» Work instructions:
Look through the data below and extract, unchanged, the lines from the one that contains "Bild: 9783453218109 |" to the one that contains "Pandas_logo.png", both included.

(Records from a data collection)
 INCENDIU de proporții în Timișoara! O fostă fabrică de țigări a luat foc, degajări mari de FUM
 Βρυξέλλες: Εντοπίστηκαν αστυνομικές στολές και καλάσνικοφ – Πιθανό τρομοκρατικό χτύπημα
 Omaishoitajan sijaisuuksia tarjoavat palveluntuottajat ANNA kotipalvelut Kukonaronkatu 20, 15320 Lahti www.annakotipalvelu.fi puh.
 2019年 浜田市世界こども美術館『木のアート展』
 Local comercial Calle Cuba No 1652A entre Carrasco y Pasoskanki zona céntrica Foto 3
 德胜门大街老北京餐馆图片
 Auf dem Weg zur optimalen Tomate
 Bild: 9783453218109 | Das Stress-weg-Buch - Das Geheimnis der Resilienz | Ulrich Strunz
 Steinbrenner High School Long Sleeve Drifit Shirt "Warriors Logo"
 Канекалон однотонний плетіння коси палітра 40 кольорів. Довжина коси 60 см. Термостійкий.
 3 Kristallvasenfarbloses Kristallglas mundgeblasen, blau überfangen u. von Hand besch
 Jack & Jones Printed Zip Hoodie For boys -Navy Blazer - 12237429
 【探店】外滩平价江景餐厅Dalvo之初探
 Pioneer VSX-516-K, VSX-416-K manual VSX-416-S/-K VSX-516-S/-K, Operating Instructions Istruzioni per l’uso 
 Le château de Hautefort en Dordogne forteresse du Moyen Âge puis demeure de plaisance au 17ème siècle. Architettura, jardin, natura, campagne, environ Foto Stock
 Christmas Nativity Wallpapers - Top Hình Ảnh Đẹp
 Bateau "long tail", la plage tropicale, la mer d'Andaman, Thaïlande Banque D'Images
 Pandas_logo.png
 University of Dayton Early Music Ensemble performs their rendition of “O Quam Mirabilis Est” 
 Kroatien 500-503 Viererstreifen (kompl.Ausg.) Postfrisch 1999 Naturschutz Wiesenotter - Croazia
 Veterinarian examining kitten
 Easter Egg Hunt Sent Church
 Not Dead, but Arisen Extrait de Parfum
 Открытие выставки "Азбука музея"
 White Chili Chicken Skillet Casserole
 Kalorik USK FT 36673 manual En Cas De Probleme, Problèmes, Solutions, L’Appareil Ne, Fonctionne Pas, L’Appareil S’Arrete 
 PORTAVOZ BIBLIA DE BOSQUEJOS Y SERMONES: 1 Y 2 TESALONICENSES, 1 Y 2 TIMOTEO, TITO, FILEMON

» Solution to this problem:
 Bild: 9783453218109 | Das Stress-weg-Buch - Das Geheimnis der Resilienz | Ulrich Strunz
 Steinbrenner High School Long Sleeve Drifit Shirt "Warriors Logo"
 Канекалон однотонний плетіння коси палітра 40 кольорів. Довжина коси 60 см. Термостійкий.
 3 Kristallvasenfarbloses Kristallglas mundgeblasen, blau überfangen u. von Hand besch
 Jack & Jones Printed Zip Hoodie For boys -Navy Blazer - 12237429
 【探店】外滩平价江景餐厅Dalvo之初探
 Pioneer VSX-516-K, VSX-416-K manual VSX-416-S/-K VSX-516-S/-K, Operating Instructions Istruzioni per l’uso 
 Le château de Hautefort en Dordogne forteresse du Moyen Âge puis demeure de plaisance au 17ème siècle. Architettura, jardin, natura, campagne, environ Foto Stock
 Christmas Nativity Wallpapers - Top Hình Ảnh Đẹp
 Bateau "long tail", la plage tropicale, la mer d'Andaman, Thaïlande Banque D'Images
 Pandas_logo.png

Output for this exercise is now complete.